## Exercise aim
Work through the listing below and give again exactly the lines from the one with "Odonto Cavalcante" to the one with "Mens Gents Casual", both ends included. All other lines and all pictures stay out.

## Source data
┄┄┄┄┄┄┄┄┄┄┄┄┄┄┄┄┄┄┄┄

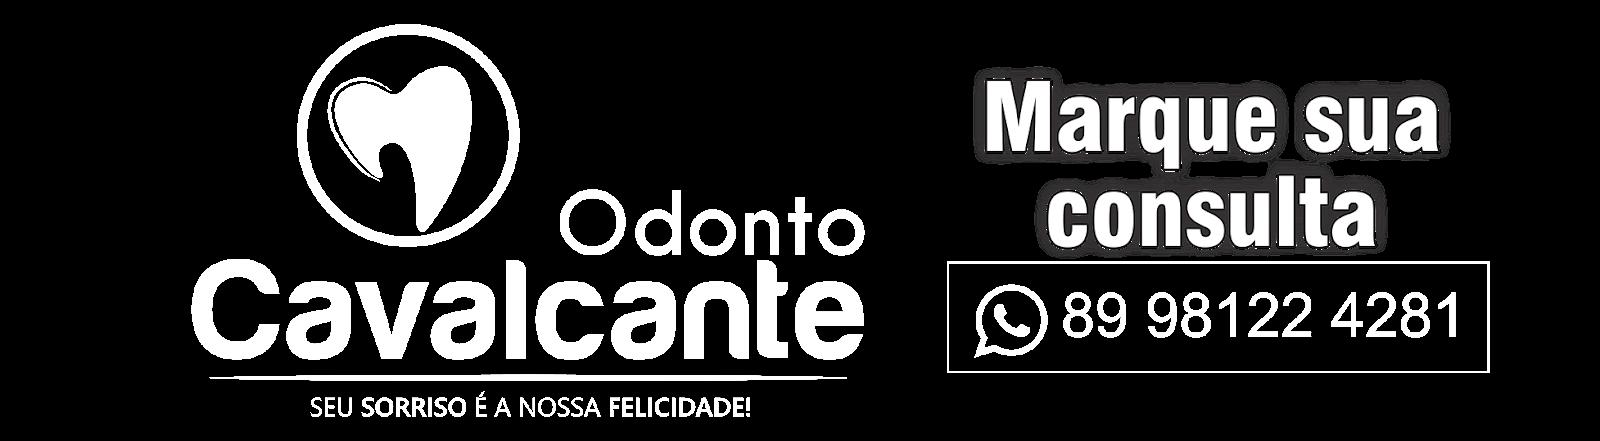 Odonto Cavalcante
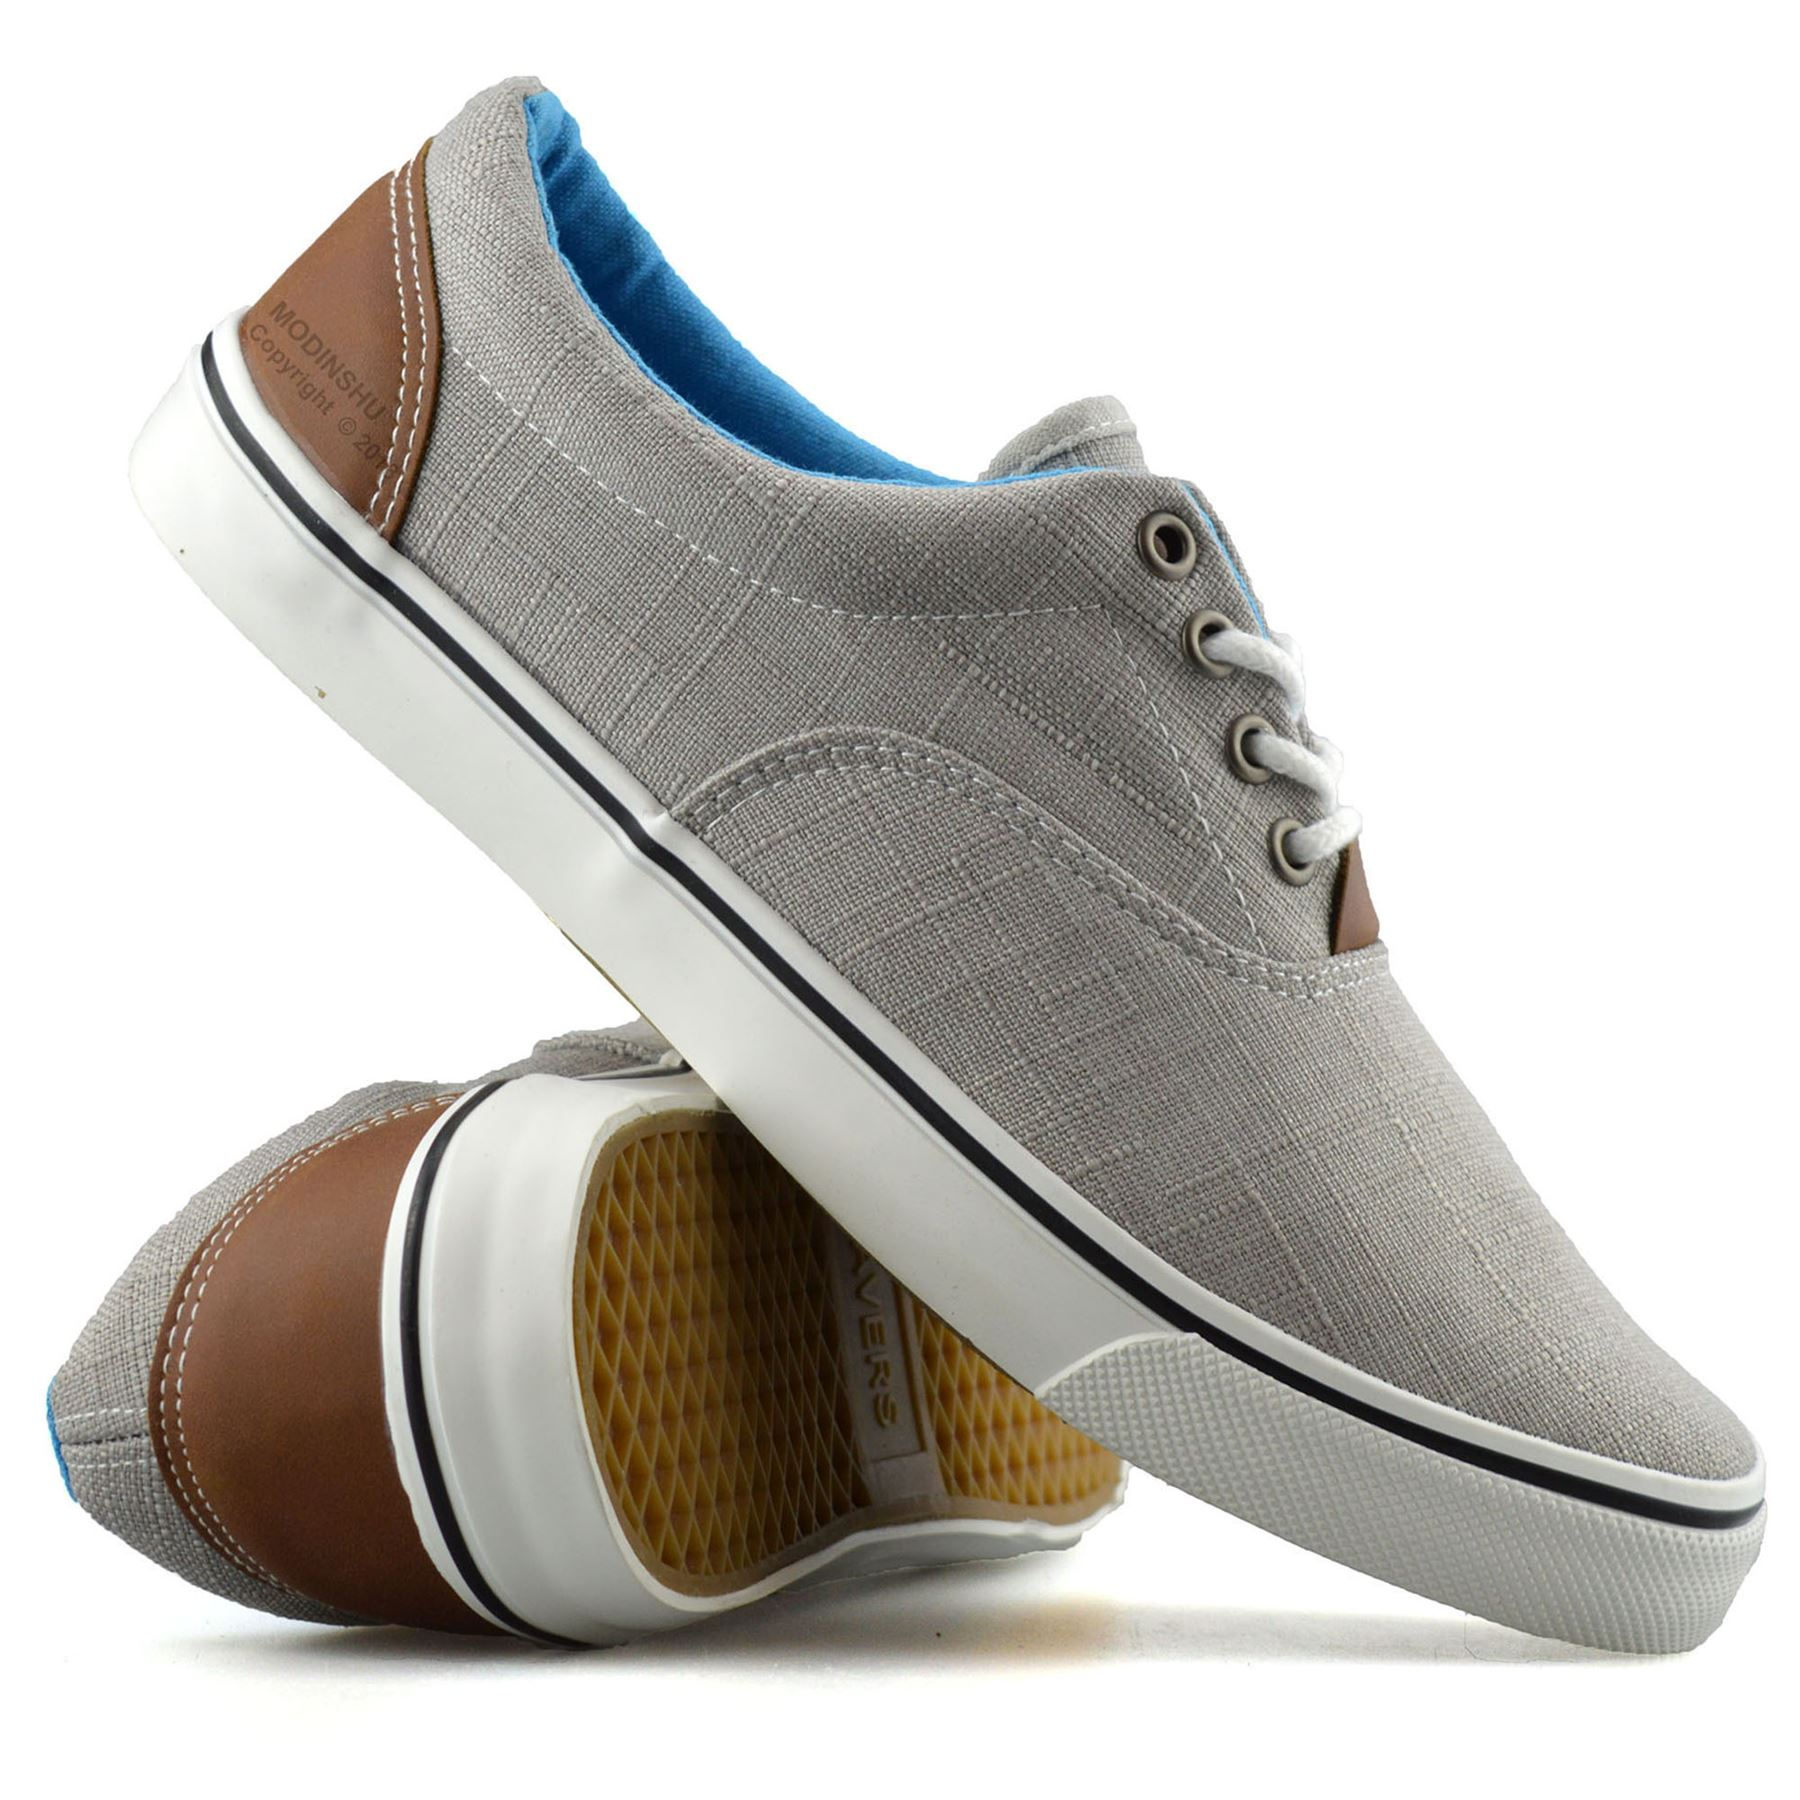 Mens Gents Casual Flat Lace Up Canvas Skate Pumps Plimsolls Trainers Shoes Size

┄┄┄┄┄┄┄┄┄┄┄┄┄┄┄┄┄┄┄┄

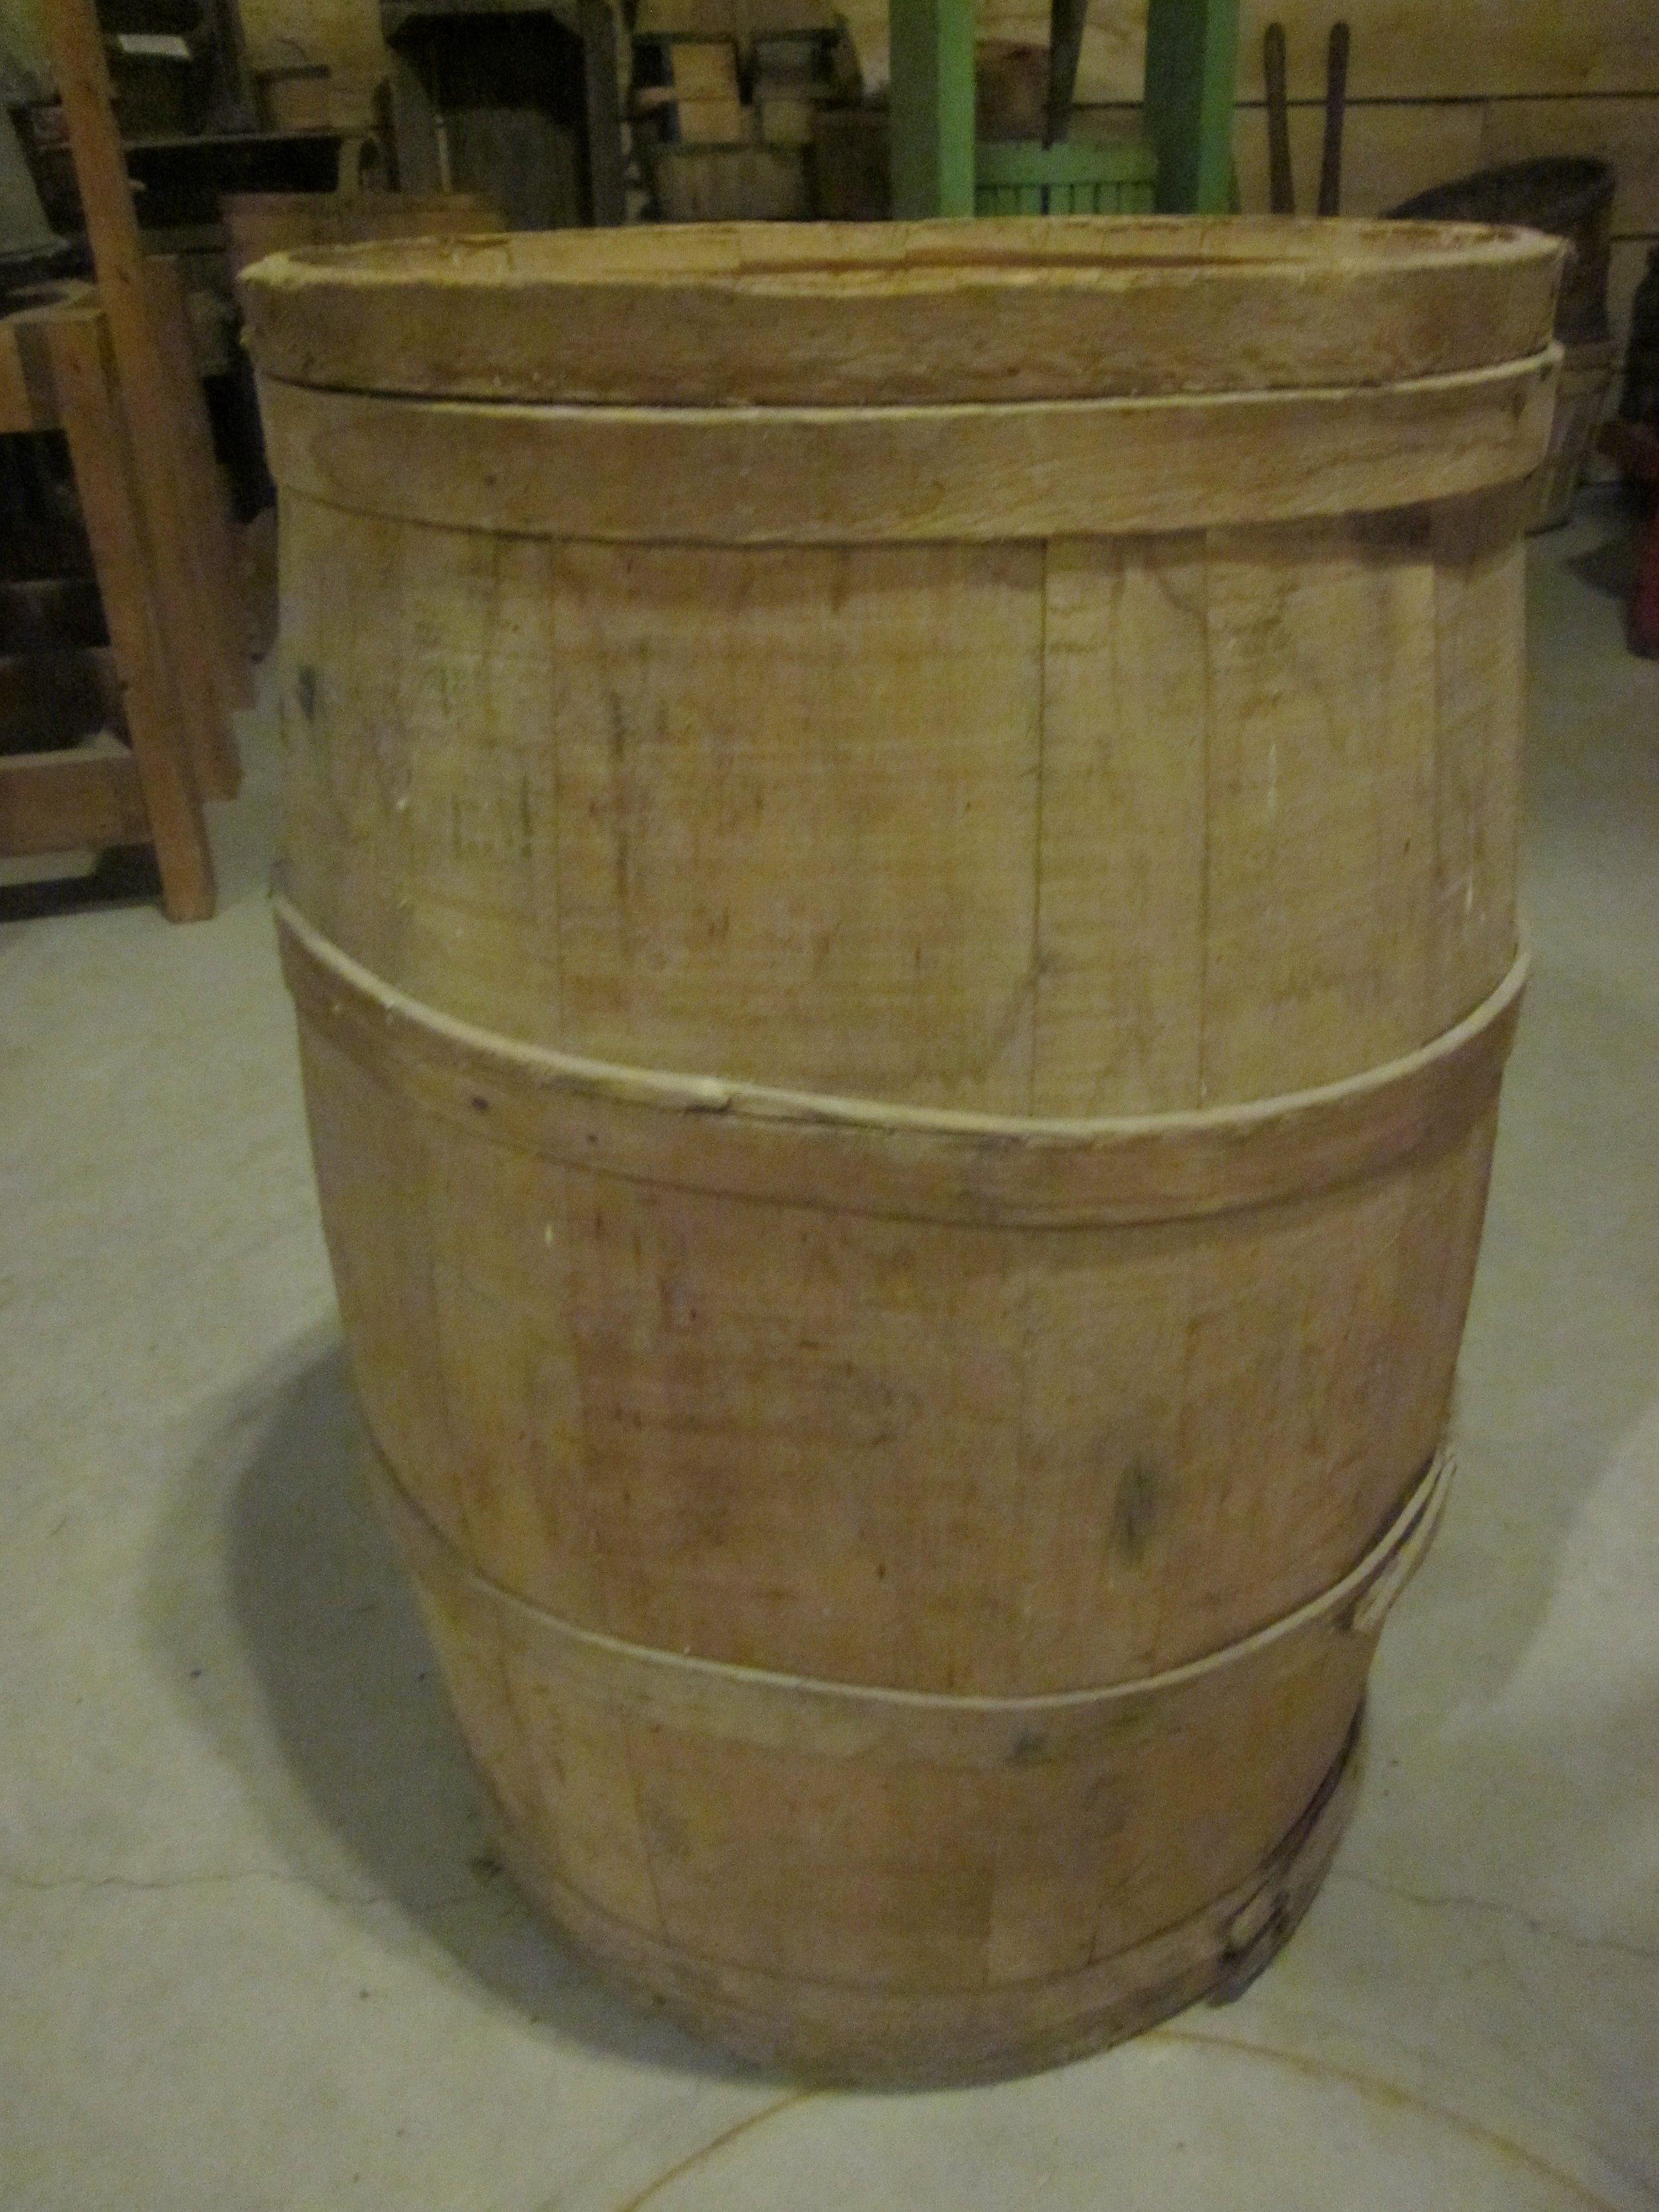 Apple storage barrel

┄┄┄┄┄┄┄┄┄┄┄┄┄┄┄┄┄┄┄┄

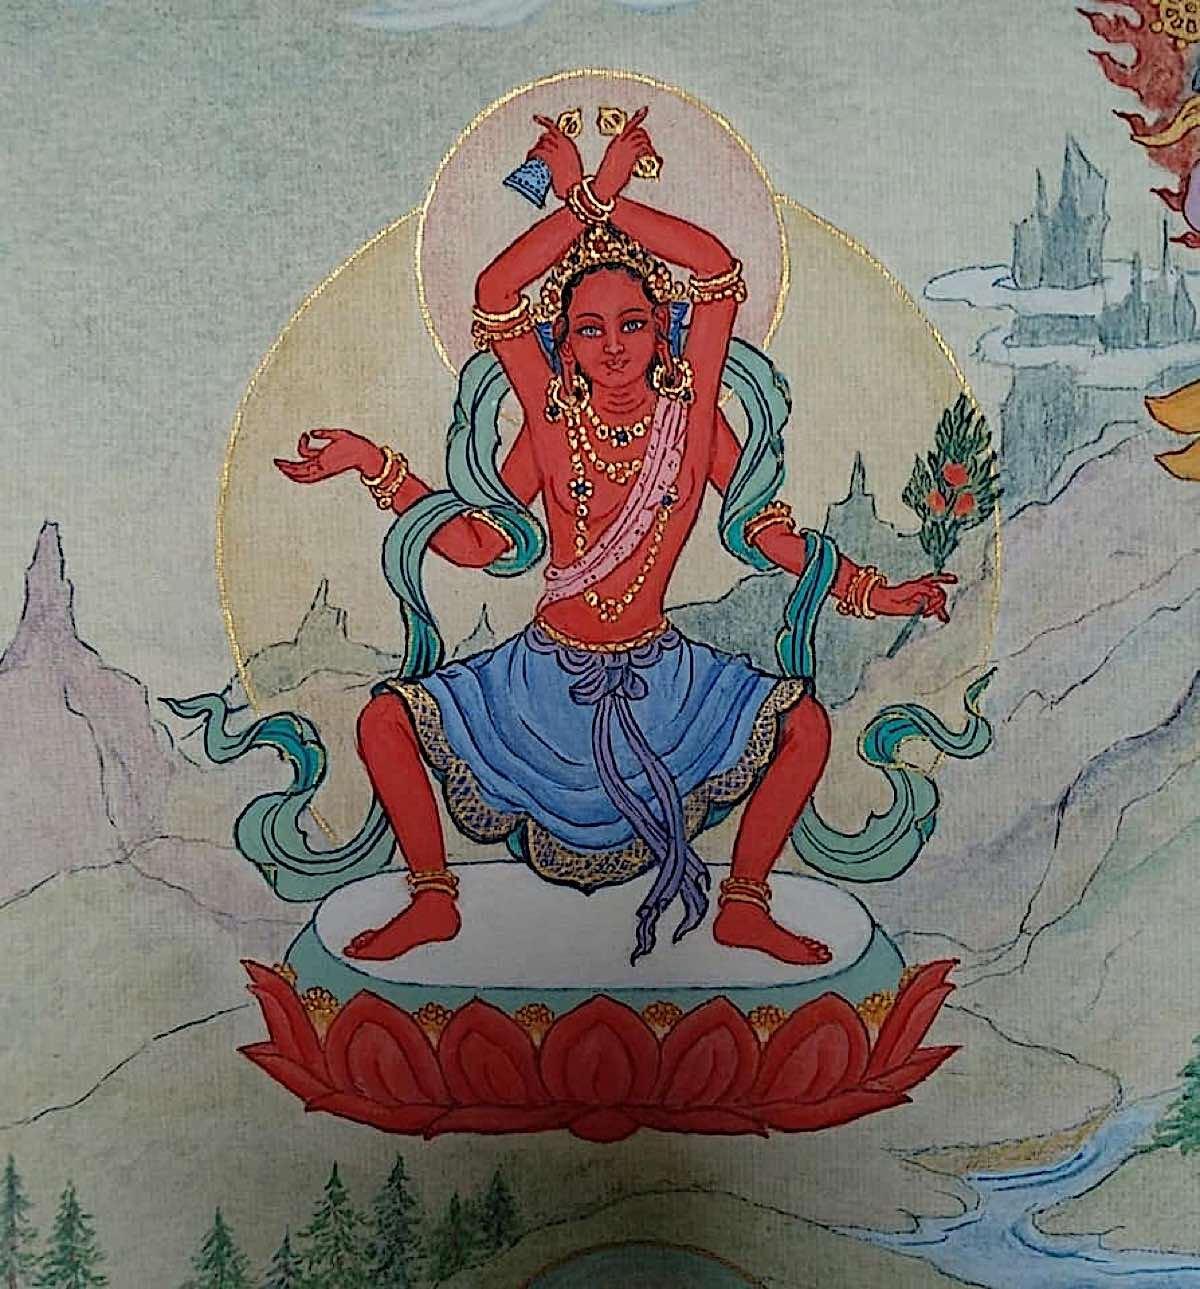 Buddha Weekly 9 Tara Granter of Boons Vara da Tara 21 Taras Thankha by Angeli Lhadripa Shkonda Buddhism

┄┄┄┄┄┄┄┄┄┄┄┄┄┄┄┄┄┄┄┄

## Expected answer
 Odonto Cavalcante
 Mens Gents Casual Flat Lace Up Canvas Skate Pumps Plimsolls Trainers Shoes Size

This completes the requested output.